La dalle de Beaugrenelle, rénovation d’un imaginaire paysager

Un imaginaire périmé: la dalle du Front de Seine en 2005

Le paysage de la dalle de Beaugrenelle en 2005, avant la rénovation (Photo: Marie-Madeleine Ozdoba)

Partie intégrante d’un projet urbain de restructuration et de densification des équipements et commerces du 15e arrondissement, la rénovation du quartier sur dalle de Beaugrenelle, issu des 30 glorieuses, a été entamée en 2004 et suit aujourd’hui son cours. Menée par la SEMPARISEINE (société d’économie mixte d’équipement et d’aménagement), cette rénovation comprend la démolition partielle de la dalle, pour « rendre le ciel » à la rue Linois anciennement recouverte, la construction d’un vaste centre commercial et d’un cinéma multiplex, ainsi que le renouvellement complet de l’aménagement paysager sur le restant de la dalle.

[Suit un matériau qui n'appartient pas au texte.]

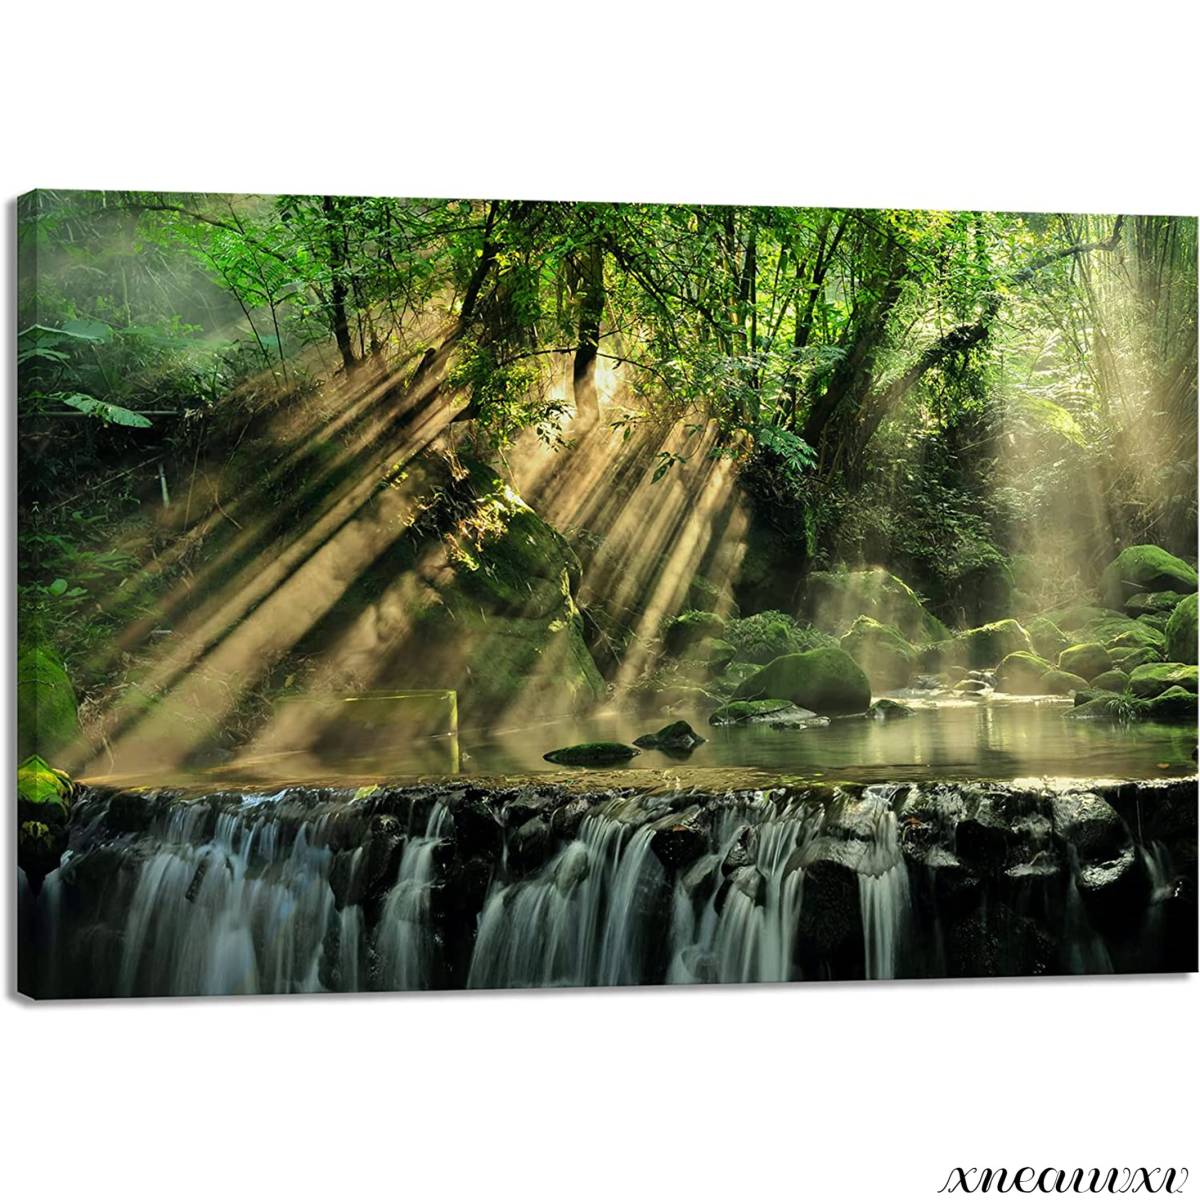  nature scenery art panel nature forest. middle light interior ornament part shop decoration equipment ornament . canvas picture stylish better fortune abroad art appreciation pattern change 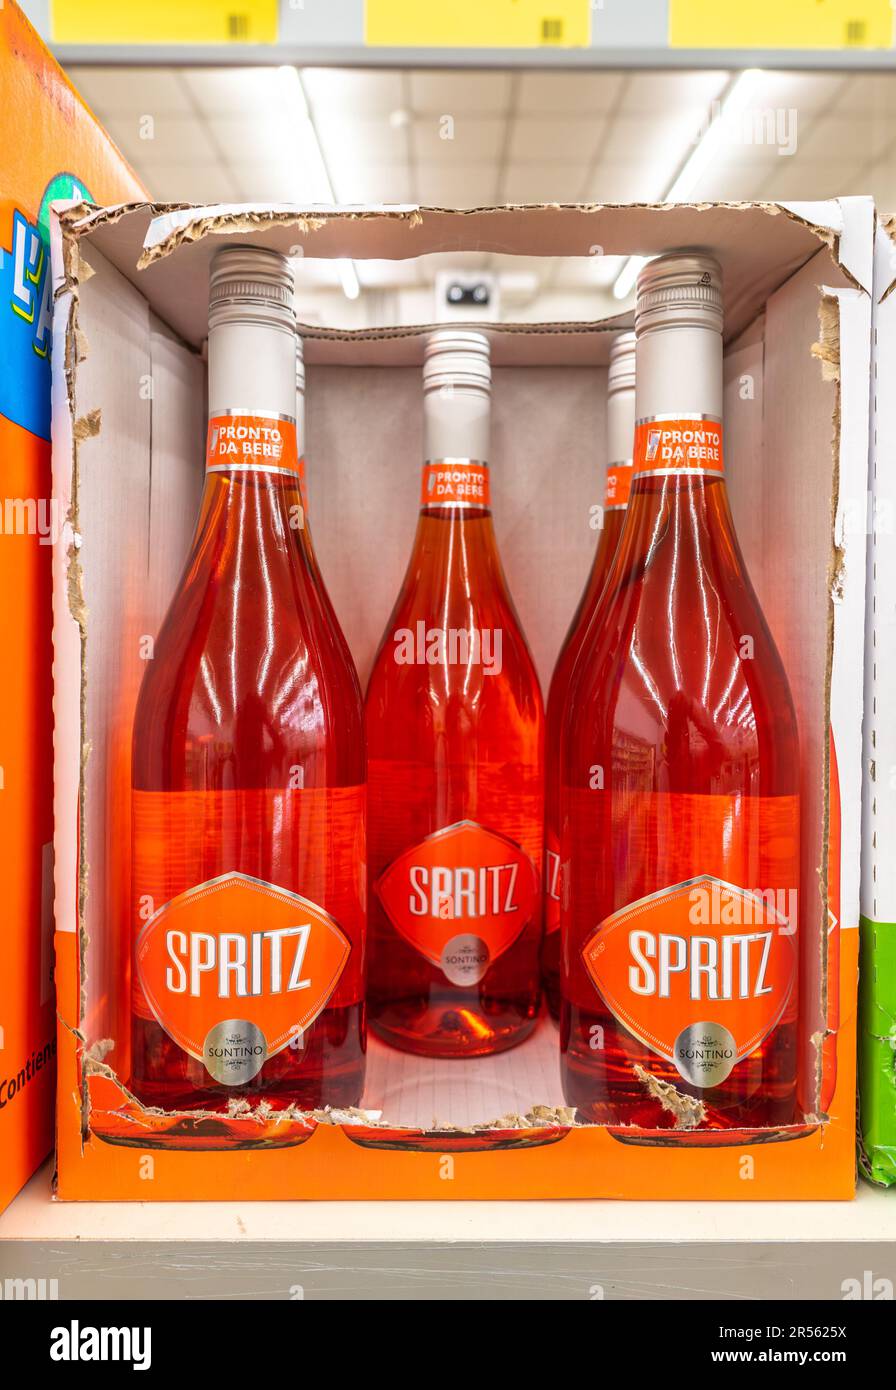 Italy - May 21, 2023: Bottles of ready-to-drink Spritz cocktails displayed in cardboard boxes for sale on Italian discount store shelf at affordable p Stock Photo

Ce sont non seulement les caractéristiques fonctionnelles et techniques des bâtiments et de la dalle qui sont réinvesties et renouvelées à l’occasion de la rénovation, mais aussi l’imaginaire et l’esthétique du projet, qu’il s’agit de mettre au goût du jour. Une grande campagne de production de visuels représentant les nouveaux espaces du centre commercial (agence Valode et Pistre architectes) ainsi que le nouveau paysage sur la dalle (Agence Traitvert paysagistes) a ainsi été lancée par les aménageurs.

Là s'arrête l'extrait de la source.